1. Validate against an allowlist and use relative redirects
Prefer relative paths for redirects. If an absolute URL is required, compare the host against an allowlist and reject anything not explicitly permitted.
import { HttpException, HttpStatus, Injectable } from '@nestjs/common';
import { Pool } from 'pg';
@Injectable()
export class RedirectService {
private readonly allowedHosts = new Set(['app.example.com', 'cdn.example.com']);
constructor(private readonly pool: Pool) {}
async redirectTo(tenantId: string, userKey: string): Promise<{ url: string }> {
const client = await this.pool.connect();
try {
const resDb = await client.query(
'SELECT redirect_url FROM tenant_redirects WHERE tenant_id = $1 AND user_key = $2',
[tenantId, userKey],
);
if (resDb.rowCount === 0) {
throw new HttpException('Not found', HttpStatus.NOT_FOUND);
}
const candidate = resDb.rows[0].redirect_url;
// Allow only relative URLs
if (new URL(candidate, 'http://localhost').origin !== 'http://localhost') {
// Enforce allowlist for absolute URLs
try {
const parsed = new URL(candidate);
if (!this.allowedHosts.has(parsed.hostname)) {
throw new HttpException('Invalid redirect target', HttpStatus.BAD_REQUEST);
}
} catch (e) {
// If it’s not a valid absolute URL, reject it
if (!candidate.startsWith('/')) {
throw new HttpException('Invalid redirect target', HttpStatus.BAD_REQUEST);
}
}
}
return { url: candidate };
} finally {
client.release();
}
}
}
2. Use parameterized queries and strict schema constraints in CockroachDB
Ensure the CockroachDB schema enforces data types and constraints so that stored URLs are predictable. For example, store only relative paths or enforce URL format with CHECK constraints.
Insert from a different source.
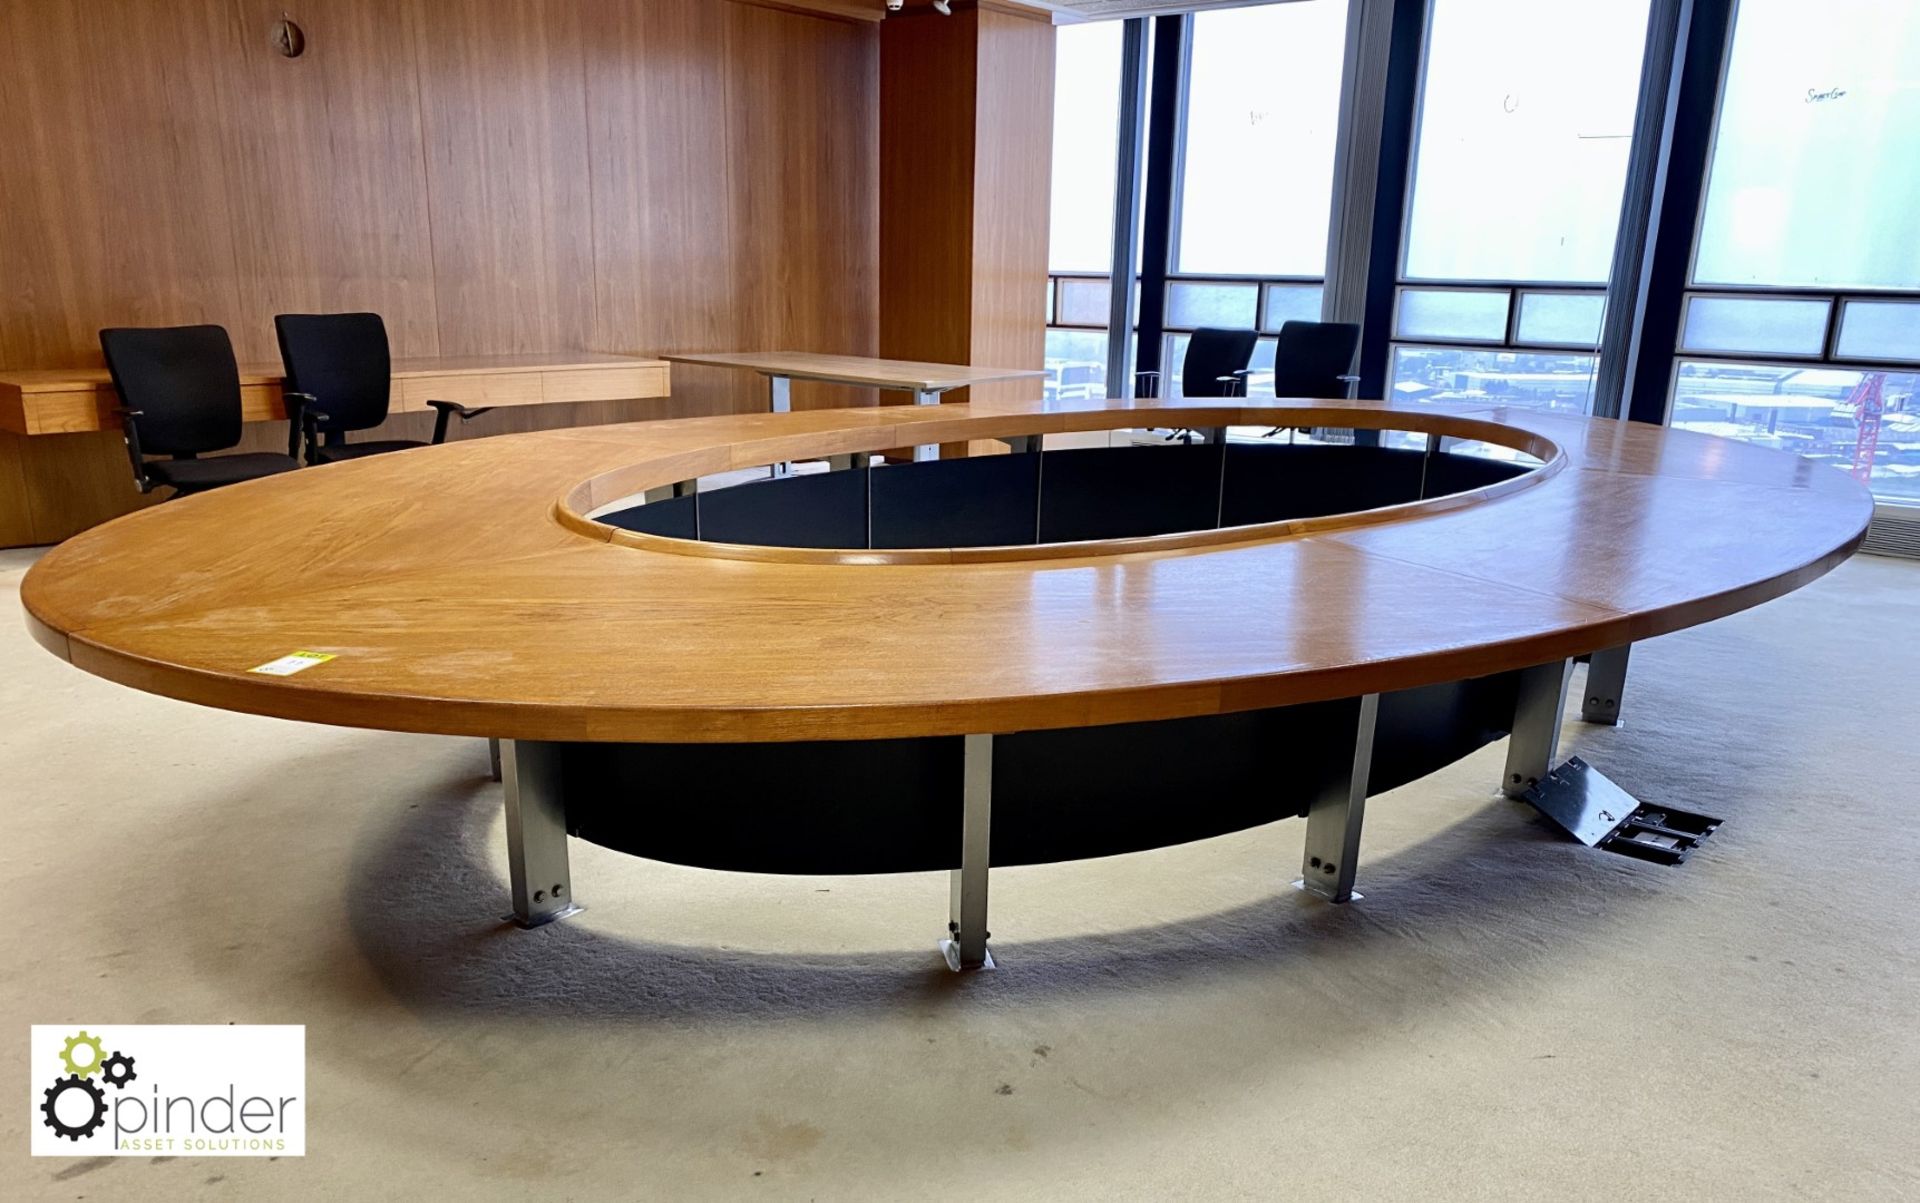 Teak oval Boardroom Table, 5650mm x 3500mm (located in Boardroom on 23rd Floor) - Image 3 of 6

-- CockroachDB schema example
CREATE TABLE tenant_redirects (
tenant_id UUID NOT NULL,
user_key UUID NOT NULL,
redirect_url TEXT NOT NULL CHECK (redirect_url ~ '^(/[a-zA-Z0-9\-._~:/?#\[\]@!$&''()*+,;=]*)?$'),
PRIMARY KEY (tenant_id, user_key)
);
In NestJS, use a typed query with the pg driver to avoid injection and ensure the returned value matches the expected format.
import { Injectable } from '@nestjs/common';
import { Pool, QueryResult } from 'pg';
@Injectable()
export class TenantRedirectRepository {
constructor(private readonly pool: Pool) {}
async getRedirectUrl(tenantId: string, userKey: string): Promise {
const result: QueryResult = await this.pool.query(
`SELECT redirect_url FROM tenant_redirects WHERE tenant_id = $1 AND user_key = $2`,
[tenantId, userKey],
);
if (result.rows.length === 0) {
throw new Error('Redirect configuration not found');
}
return result.rows[0].redirect_url;
}
}
3. Reject URLs with unexpected schemes and enforce path-only redirects
When absolute URLs must be supported, normalize and validate the scheme and host. Reject javascript: or other non-HTTP(S) schemes, and avoid open redirects by defaulting to a relative path when in doubt.
function isSafeRedirect(url: string, allowedHosts: Set): boolean {
try {
const parsed = new URL(url);
return allowedHosts.has(parsed.hostname) && (parsed.protocol === 'https:' || parsed.protocol === 'http:');
} catch {
// Fallback: treat as path if not a valid absolute URL
return url.startsWith('/');
}
}
Combine this with NestJS middleware or a guard to validate the final destination before invoking res.redirect().